I followed the instructions in this website http://websitesetupguide.com/basic/start.htm#head.  I didn’t use FatCow; I used GoDaddy.  I had free hosting credits on GoDaddy, so I used them.

The instructions suggests to use the askimet plugin.  The instructions says its free.  It is free.  It’s just when you register for the plugin, askimet will prompt you for credit card information.  If you don’t want to pay a donation for the plugin, move the slider to the left to zero.  This will make the credit card fields disappear.  Otherwise, you going to pay I think $36 every year.

You might get some registered users with strange usernames and email addresses.  I received email notifications of these registered users.  I built the blog on a Saturday night and I received the registered users the morning after.  To disable registration (you don’t need to register to leave a comment), go to Settings->General and in the Membership field uncheck Anyone can register.  If you have registered users, don’t forget to delete them.  I am not sure of the motive behind the registered users.  Maybe they are trying to hack the  blog hoping to get administrative access to the blog.
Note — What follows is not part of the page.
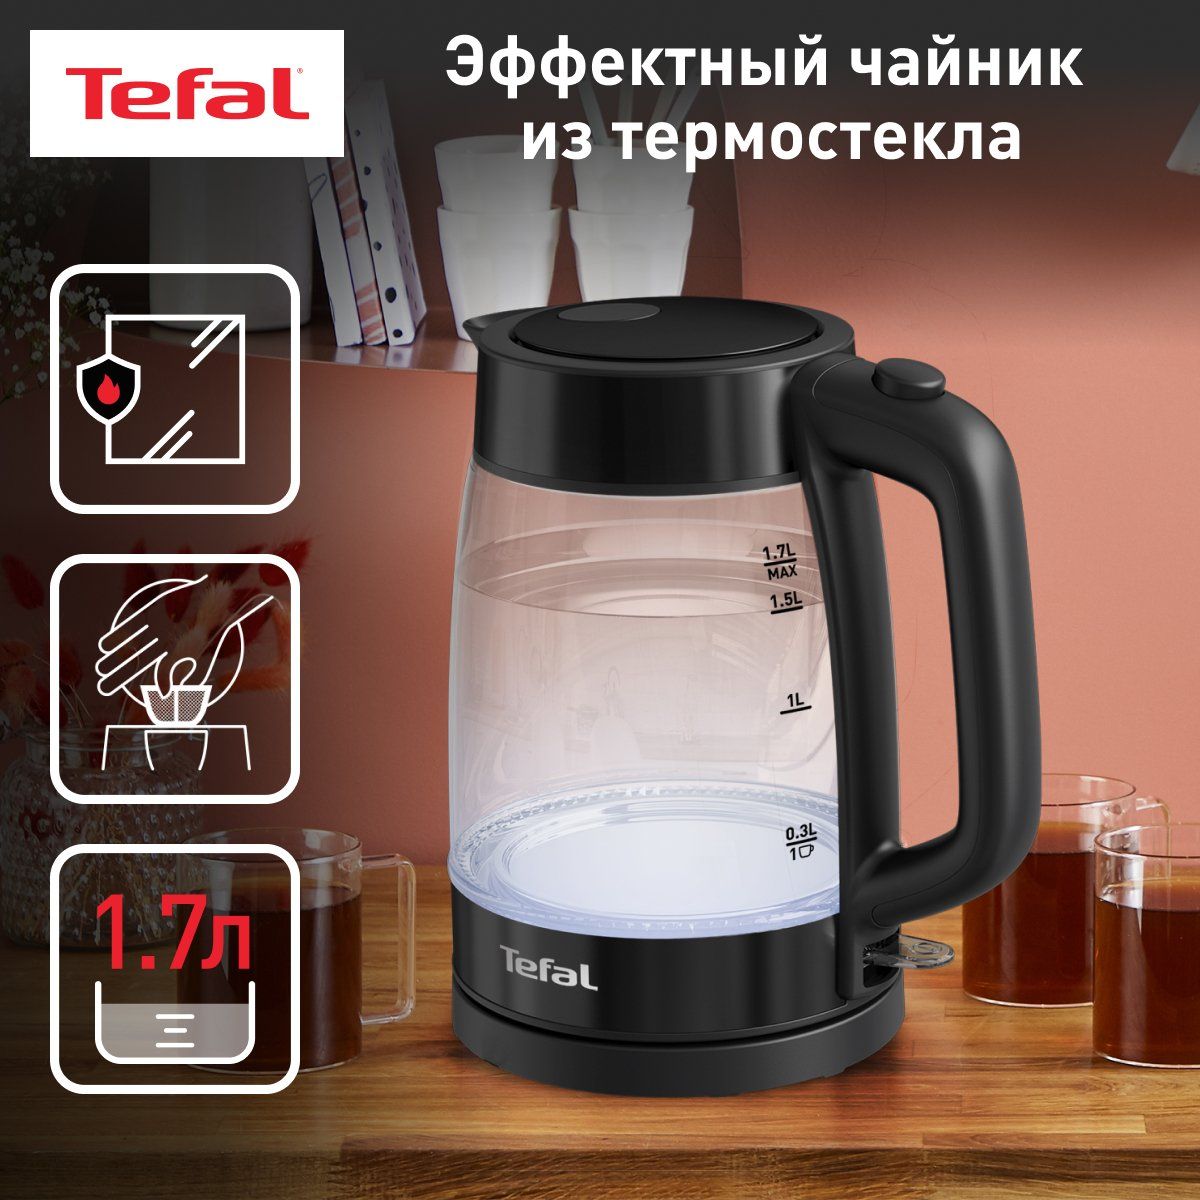 Чайник электрический Tefal Glass Kettle KI840830, 1.7 л, черный, купить в Москве, цены в интернет-магазинах на Мегамаркет

If you want remove the link to user registration, go to Appearance->Widgets.  In the Main Widget Area on the right side of the screen, drag the Meta box to left side the screen.  This should remove the Meta column, which contains the registration link, from the bottom of your blog.
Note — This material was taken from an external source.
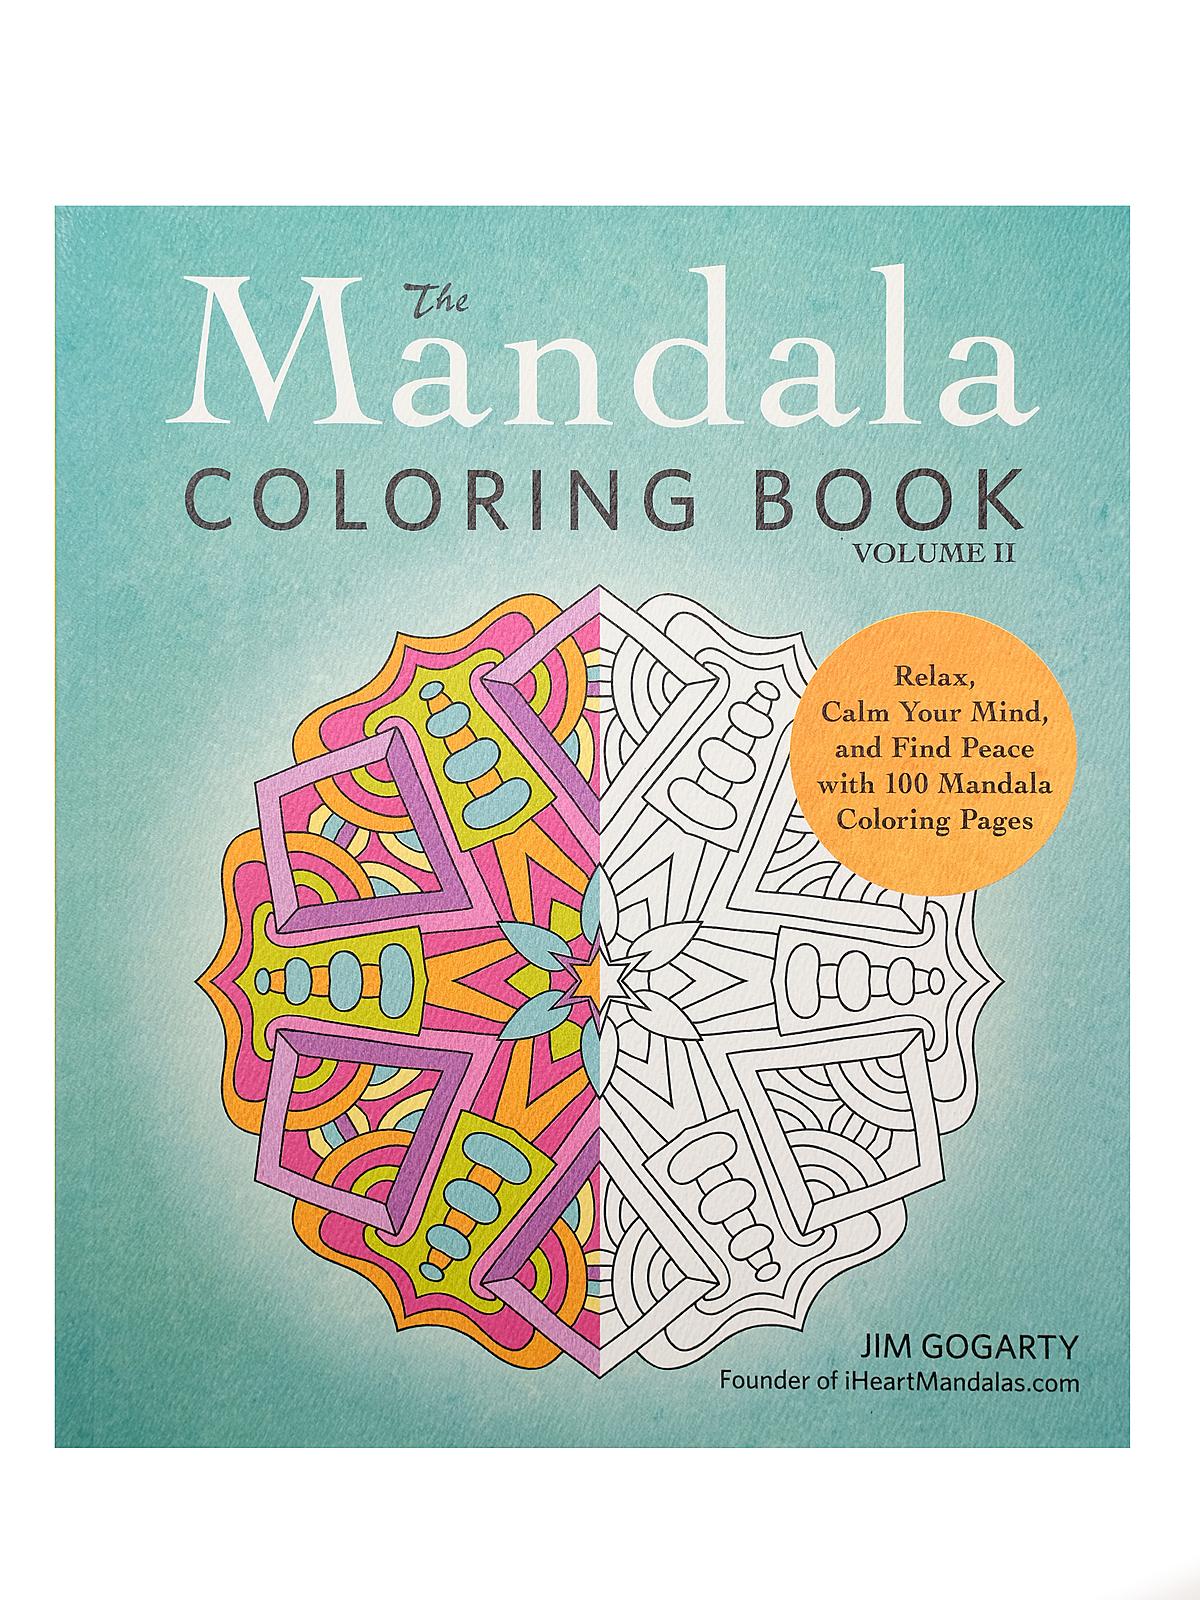 The Mandala Coloring Book Volume 2

If you want to know the difference between pages and posts, check out this link http://www.wpbeginner.com/beginners-guide/what-is-the-difference-between-posts-vs-pages-in-wordpress/.

If you want your blog to be searchable in the search engines, install the Google XML Sitemaps plugin.  This will create a sitemap and submit it to Bing and Google.  I think when you submit to Bing, the submission also goes to Yahoo.
An alternative is the WordPress SEO plugin.  Off the bat, it recommended me to switch the permalink setting to post name.  This plugin seems more geared for SEO than the Google XML Sitemaps.  The SEO plugin is more advanced while the Google XML is more simpler.  If you do install this plugin, go to SEO->XML Sitemaps and check Disable author/user sitemap.  This prevent hackers from guessing your username.

If you want to use Google Analytics for your blog, install the Google Analytics for WordPress plugin.  Make sure you install Google Analytics for WordPress, not Google Analytics.  Google Analytics is a different plugin.  If you already have a tracking ID, Google Analytics for WordPress gives you an option to enter the tracking ID.

If you don’t have comments enabled for your posts and you want to enable them for a particular post, go to Posts->All Posts and hover over your post that you want to enable.  You should see Quick Edit underneath the post.  Click on it and check Allow Comments.  Then press the Update button.

If you want to delete a category, go to Dashboard.  In the Dashboard page, go to the Right Now window and click on word Categories.  Hover over the category that you want to delete, click on delete.  Note you cannot delete Uncategorized.

To install Captcha (to keep bots from entering forms), go to Plugins->Add New and enter Captcha in the search box.  Click on Search Plugins.  You should see Captcha in the search list.  Install it.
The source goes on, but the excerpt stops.